Quale che sia la verità, resta di fatto fortemente pressante l’esigenza emergente, sempre più emergente di fermarsi e fare una riflessione che compete a noi adulti, veri responsabili di queste sconcertanti storie.
Falliamo tutti di fronte alla morte di un 11enne se sentiamo la responsabilità della mancanza di una educazione al web e alla prevenzione di un suo uso distorto, e alla consapevolezza di un uso monitorato e contenuto di certi mezzi, social, internet, giochi virtuali che sono sì grandi opportunità, relazionali, sociali, di integrazione e di “stare a passo con una sana tecnologia” per tutti e non solo per i ragazzi, ma che purtroppo nascondono anche tante insidie e tranelli subdoli in grado di turbare le nostre vite e indirizzare le nostre scelte, se si pensa anche al drammatico e diffuso fenomeno del cyberbullismo.

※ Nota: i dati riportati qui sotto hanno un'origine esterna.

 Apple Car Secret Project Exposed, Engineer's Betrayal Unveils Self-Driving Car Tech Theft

Ebbene una sorta di pedagogia del web e una sana educazione al mondo virtuale restano una delle più grandi carenze e deficitarie responsabilità del nostro attuale panorama culturale…a cui occorre porre rimedio se si vogliono tutelare i giovanissimi sempre più travolti dagli incubi di certi meccanismi perversi di Internet.

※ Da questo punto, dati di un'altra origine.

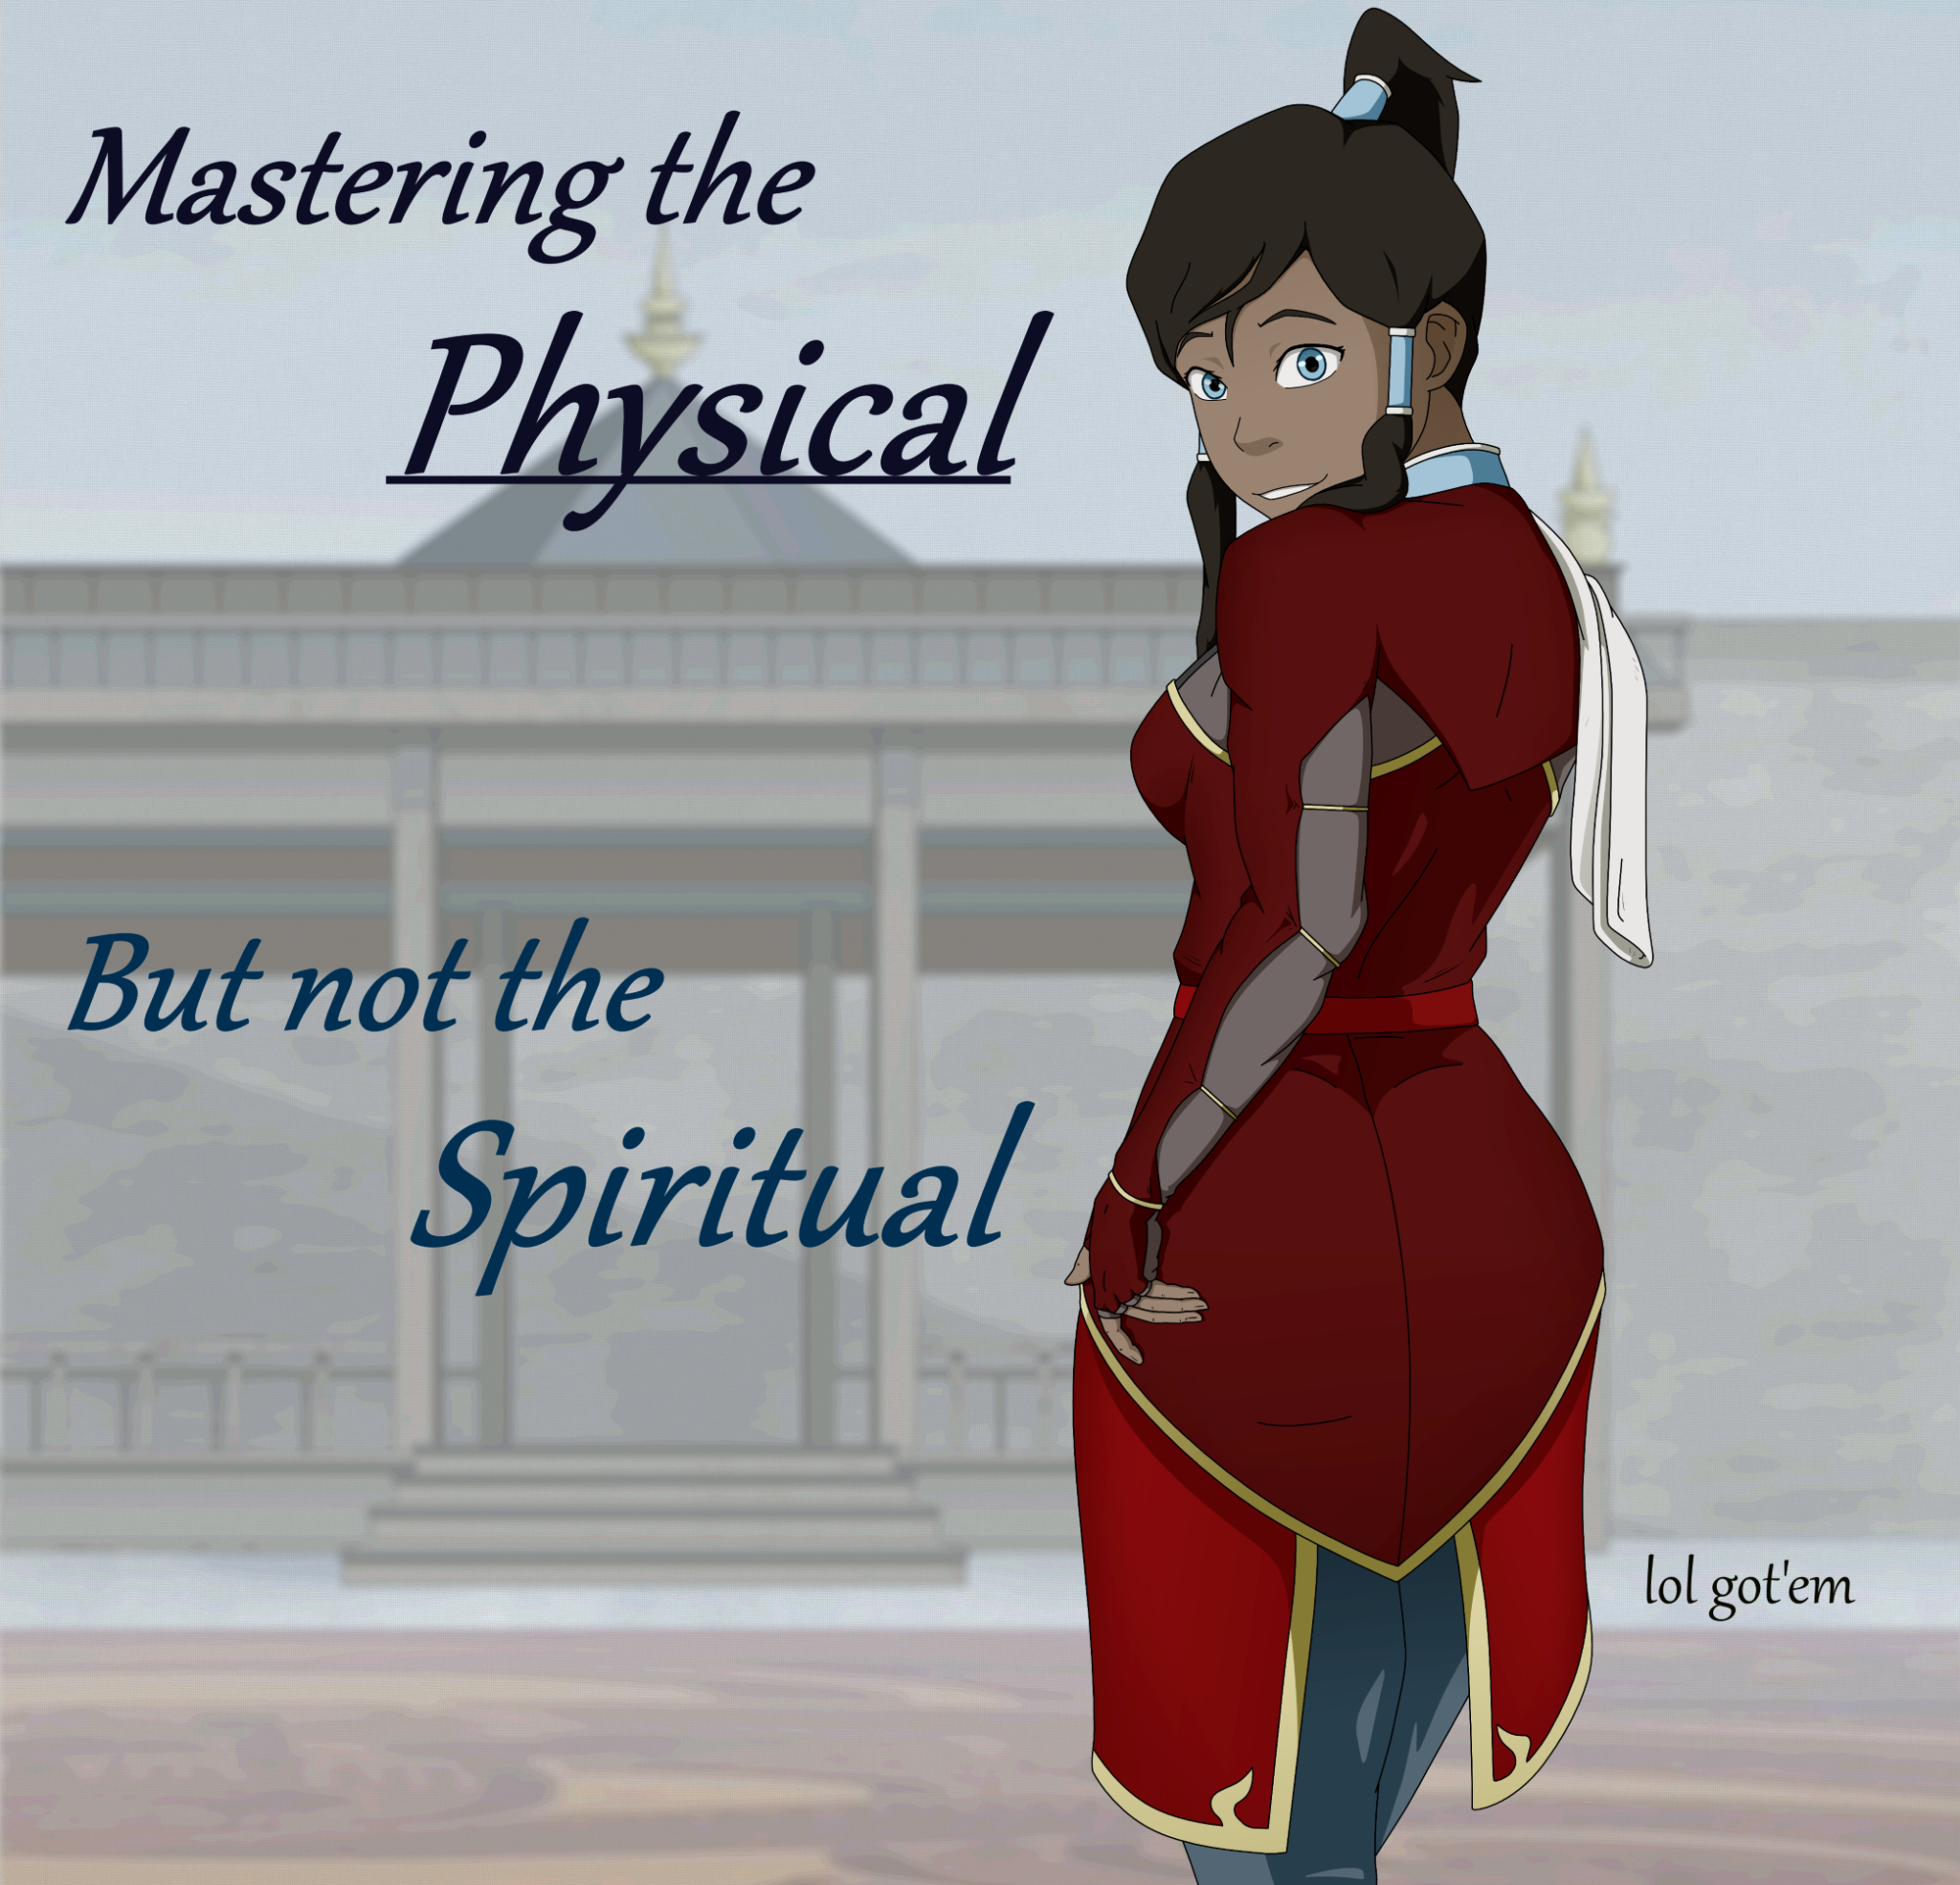 Mastering the Physical

Il dramma del ragazzino napoletano spaventa tutti noi perché il silenzioso abbandono nel nulla è avvenuto per mano di un piccolo insospettabile giovane a disagio che anziché aprirsi alla vita ha deciso di porvi fine senza rivolgersi agli adulti per chiedere aiuto o per denunciare il proprio turbamento.
A mezzanotte, inquieto e sveglio, con a disposizione il suo smartphone, qualcosa o qualcuno lo ha convinto o terrorizzato di qualcosa…utilizzando argomenti particolarmente convincenti perché un ragazzino di 11 anni conosce bene la differenza tra bene e male, giusto ed ingiusto a meno che non sia stato soggiogato psicologicamente da chi ne conosceva bene le debolezze e fragilità.
Ma sono tutte illazioni senza riscontro nella realtà…gli interrogativi sono infiniti come la volontà disperata di poter premere un tasto di rewind e annullare quel momento…cancellarlo e impedire che una vita così preziosa andasse persa.